External knowledge providers contribute to the graph without replacing existing data.

Sources: - Wikidata: Structured properties, canonical QIDs - Wikipedia: Prose context, descriptions, categories - Industry databases: Domain-specific enrichment

Source Merging: - Duplicate claims are merged, not rejected - Sources accumulate with corroboration bonus (+5% per source) - Temporal conflicts tracked when sources disagree - Everything maintains provenance

Source Authority

Tenant-configurable trust multipliers:

Source Type Default Authority
Internal Documents 0.85
Wikidata 0.80
Wikipedia 0.75
Data Connectors 0.70
Web Research 0.60
User Input 0.50

Tenants can override these to match their trust models.

Temporal Reasoning

The graph supports queries like: - "Who was the CEO in Q3 2024?" - "What contracts were active on January 1, 2025?" - "Show me claims that changed between March and June"

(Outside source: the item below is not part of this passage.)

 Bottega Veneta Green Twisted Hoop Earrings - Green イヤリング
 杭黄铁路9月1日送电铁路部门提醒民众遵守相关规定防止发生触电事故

All relationships and claims track valid_from and valid_until timestamps.

Federation-Ready Design

All entities and claims are designed to flow across organizational boundaries:

What federates: - Entity references (canonical IDs) - Verified claims (with full provenance) - Relationship signals (anonymized if needed) - Trust scores

What stays home: - Documents (source material) - Raw data (never leaves) - PII (protected)

Security & Isolation

Every Knowledge Graph table enforces: - Row-Level Security (RLS) with tenant_id - Service role bypass for background enrichment - Audit logging on all mutations

A tenant can never see another tenant's graph.

Performance

  • 100% embedding coverage for semantic search
  • 86.7% entity enrichment rate from external sources
  • Indexes: 41+ specialized indexes for graph traversal
  • Caching: Redis caching for frequently accessed entities

What This Enables

Without Knowledge Graph With Knowledge Graph
"AI said X" "AI said X, here's the source"
No temporal context "This was true in Q3 2024"
Hallucinated connections "No evidence for this relationship"
Black box reasoning "Here's the chain of inference"
Session-based memory Persistent organizational knowledge
No contradiction detection "Sources A and B disagree"

The Result

Every question Archie answers is grounded in verified facts from your organization's Knowledge Graph.

Not "here's what I think"—here's what I know, and why I know it.


The foundation of verifiable intelligence.